При микроскопическом анализе бактериального пейзажа пищеварительного канала трехсуточных цыплят-бройлеров установлено, что колонизация толстого кишечника произошла тремя основными группами микроорганизмов - лактобактериями, бифидобактериями и бактериями группы кишечной палочки (табл. 1).
Таблица 1
Микробный пейзаж пищеварительного канала трехсуточных цыплят, lg КОЕ/г
| Г руппы бактерий | Контрольная группа | Опытная группа |
| 1 | 2 | 3 |
| в зобе | ||
| Лактобактерии | 1.20±0.08 | 1.21±0.05 |
| Бифидобактерии | не выявлены | не выявлены |
| Бактерии группы кишечной палочки | не выявлены | не выявлены |
| Стафилококки | 0.48±0.01 | 0.48±0.01 |
| Энтерококки | не выявлены | не выявлены |
| Дрожжеподобные грибы | не выявлены | не выявлены |
| Патогенные энтеробактерии | не выявлены | не выявлены |
| в слепых кишках | ||
| Лактобактерии | 4.12±0.3б | 3.91±0.73 |
| Бифидобактерии | 6.57±0.45 | 6.73±0.25 |
Окончание табл. 1
| 1 | 2 | 3 |
| Бактерии группы кишечной палочки | не выявлены | не выявлены |
| Энтерококки | не выявлены | не выявлены |
| Дрожжеподобные грибы | не выявлены | не выявлены |
| Патогенные энтеробактерии | не выявлены | не выявлены |
| в прямой кишке | ||
| Лактобактерии | 5.55±0.05 | 5.60±0.81 |
| Бифидобактерии | 5.42±0.08 | 5.48±0.18 |
| Бактерии группы кишечной палочки, в т.ч. | 6.82±0.22 | 5.67±0.11** |
| гемолитически активные формы | 4.01±0.01 | не выявлены |
| лактозонегативные формы | 5.64±0.34 | не выявлены |
| Стафилококки | единичные | единичные |
| Энтерококки | 3.85±0.10 | 2.78±0.01** |
| Дрожжеподобные грибы | 2.90±0.03 | 2.01±0.01 *** |
| Патогенные энтеробактерии | не выявлены | не выявлены |
Примечание: степень достоверности разницы с контролем: ** р<0.01; *** р<0.001
Просветная микрофлора зоба трехсуточных цыплят была представлена незначительным количеством лактобактерий и стафилококков. Выпаивание в опытной группе птицы пребиотика с лактулозой увеличивало в прямой кишке интенсивность колонизации лактобактериями на 13%, бифидобактериями - на 11.5% по сравнению с контрольной группой, не получавшей Лактусан.
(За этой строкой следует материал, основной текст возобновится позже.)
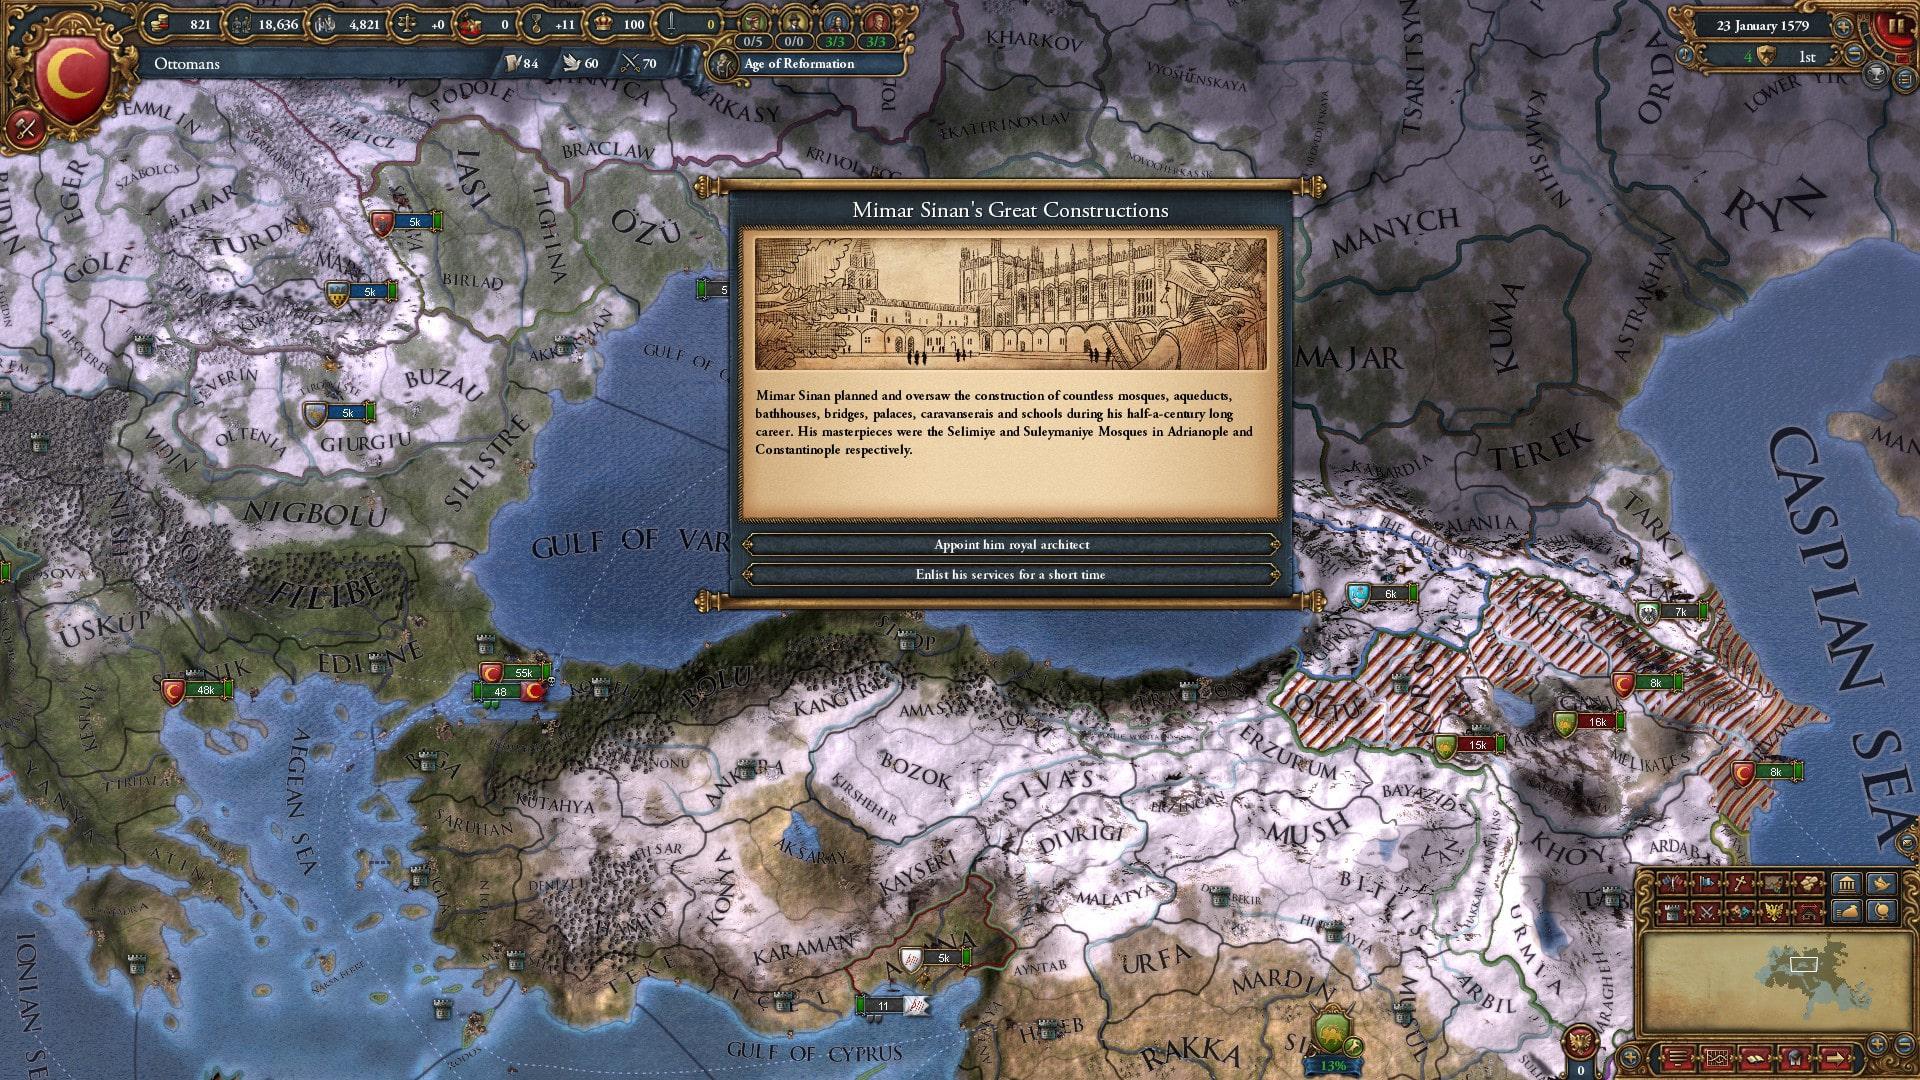 Europa Universalis 4 matchmaking

В то же время наибольшее количество бактерий группы кишечной палочки было в содержимом кишечника контрольной группы птиц. Дополнительным высевом культуры из 10-5 разведения на кровяном агаре и среде Эндо содержимого прямой кишки цыплят контрольной группы выявлены гемолитические и лактозонегативные формы, которые по численности составили 6.6% от общего количества бактерий группы кишечной палочки. В содержимом кишечника у цыплят, получавших лактулозу, гемолитические и лактозонегативные бактерии не выявлены. На третьи сутки развития птиц наблюдалось также достаточно интенсивное заселение отделов прямой кишки энтерококками (в основном Str. faecalis и Str. faecium). В содержимом кишечника контрольной группы гемолитических форм оказалось больше, чем в 10 раз по сравнению с содержимым кишки опытных птиц. В прямой кишке обеих групп были обнаружены дрожжеподобные грибы рода Candida. При этом установлено, что лактулоза снижает интенсивность заселения кишки дрожжеподобными грибами в 8 раз. Численность стафилококков в содержимом кишки обеих групп по сравнению со всеми изученными представителями кишечного биоценоза была наименьшей и практически приближалась к нулю.